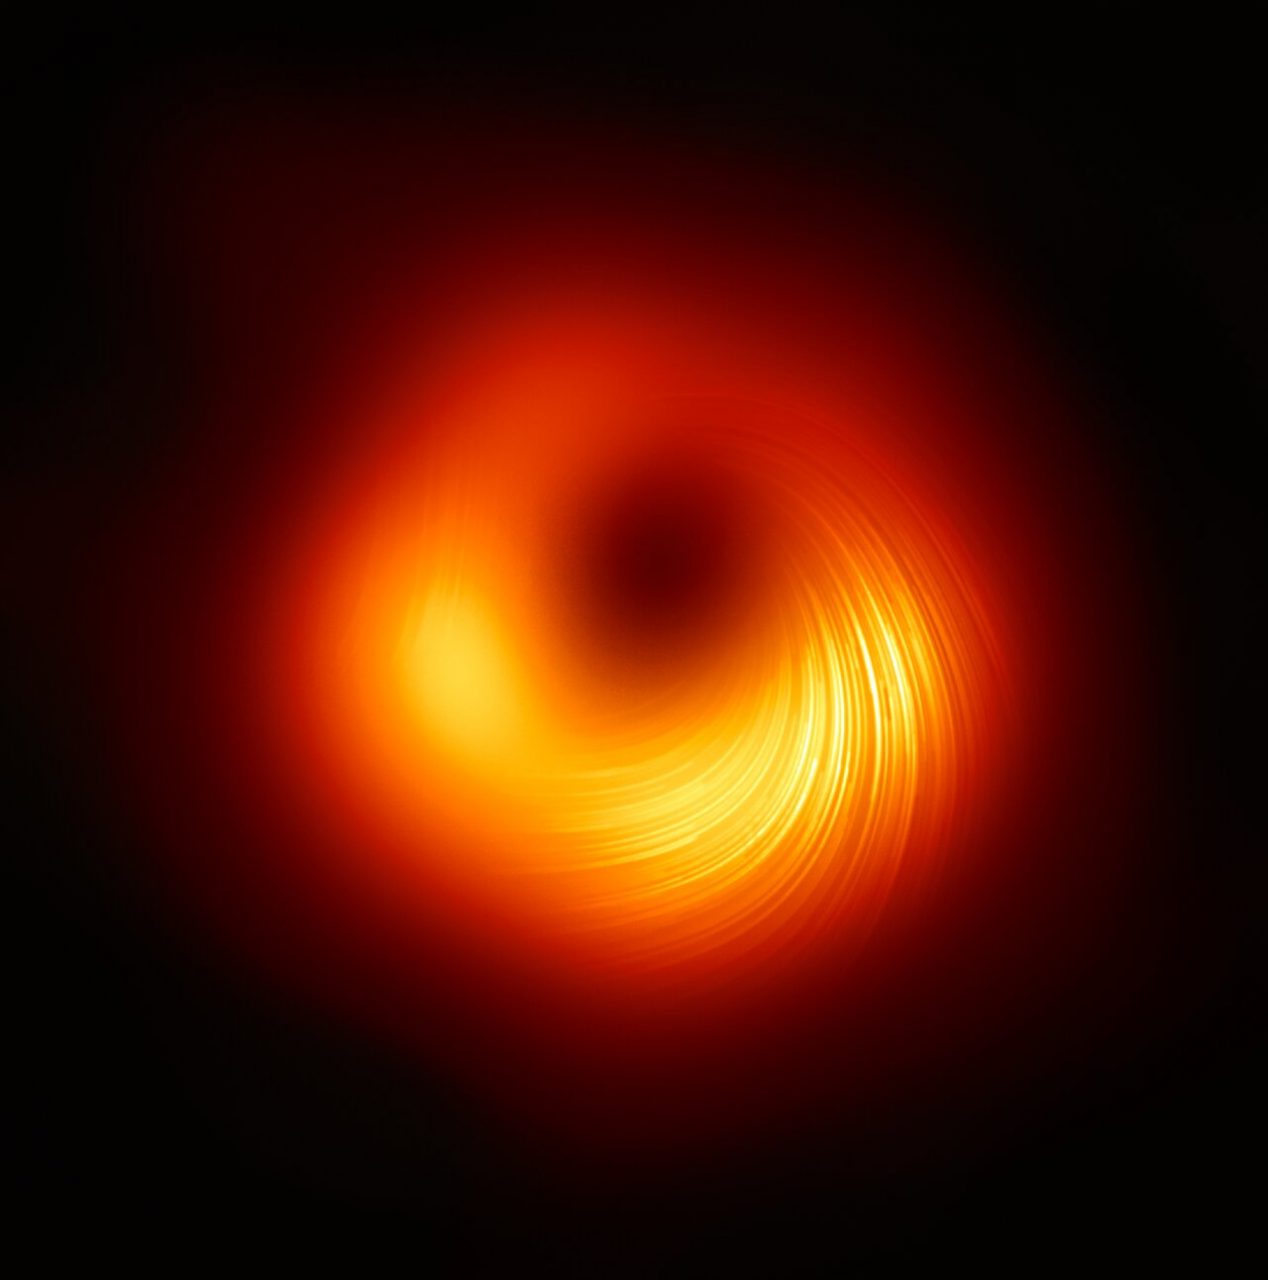 Buraco negro supermassivo de M87*
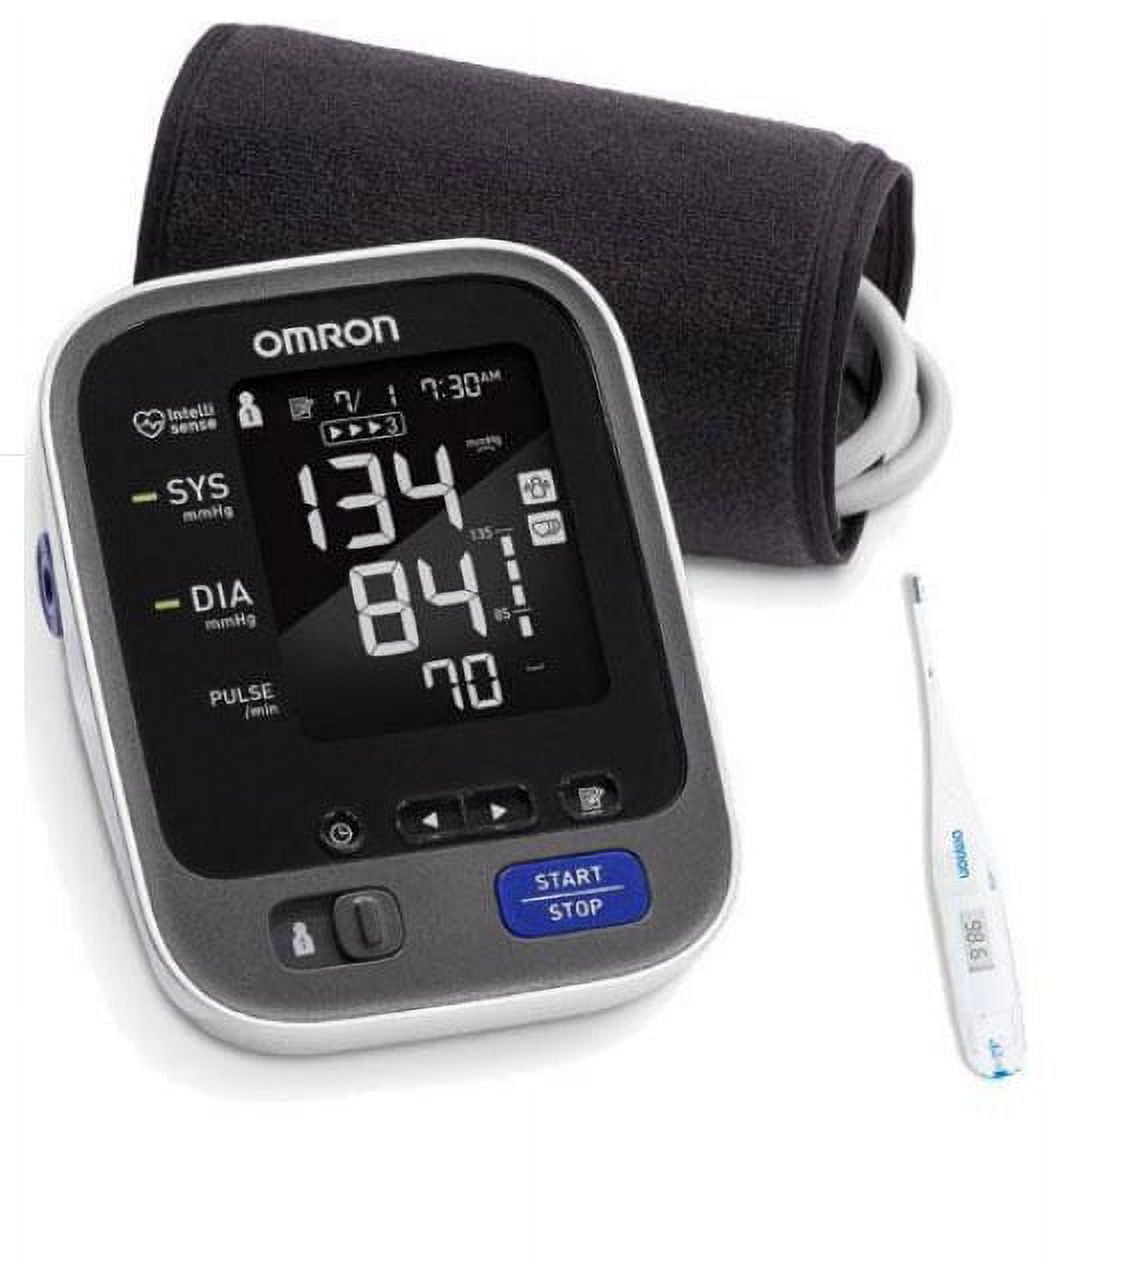 BOVKE Travel Case for Omron 10 Series BP786 Blood Pressure Monitor
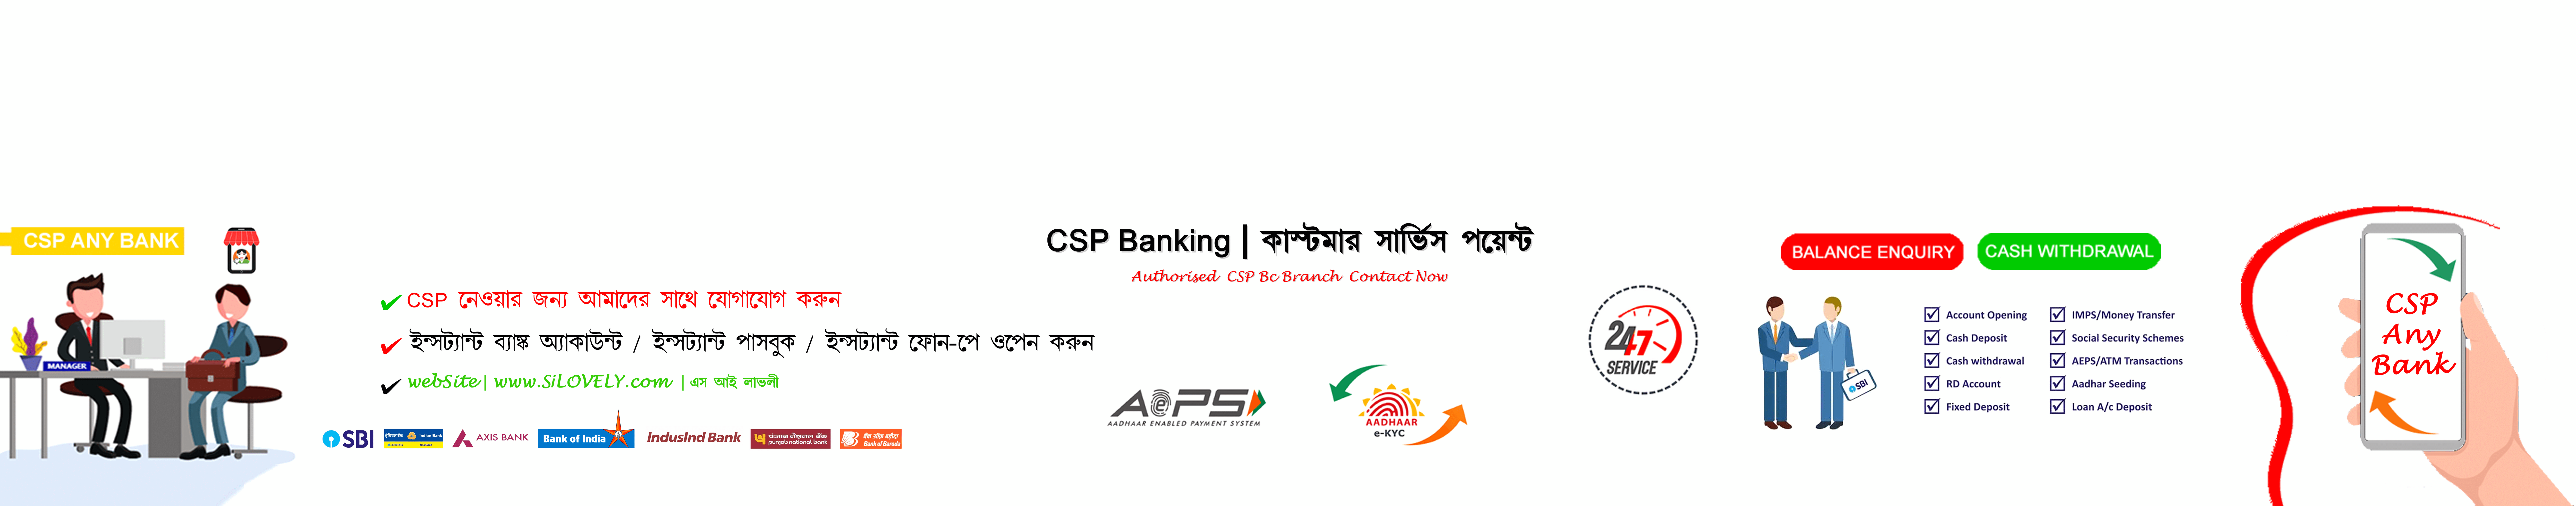 CSP Bank-banner

※

• **EXERCISE PROMPT**
Set down all of the material word for word, but keep each picture out.

• **EXERCISE RESULT**
 Buraco negro supermassivo de M87*
 BOVKE Travel Case for Omron 10 Series BP786 Blood Pressure Monitor
 CSP Bank-banner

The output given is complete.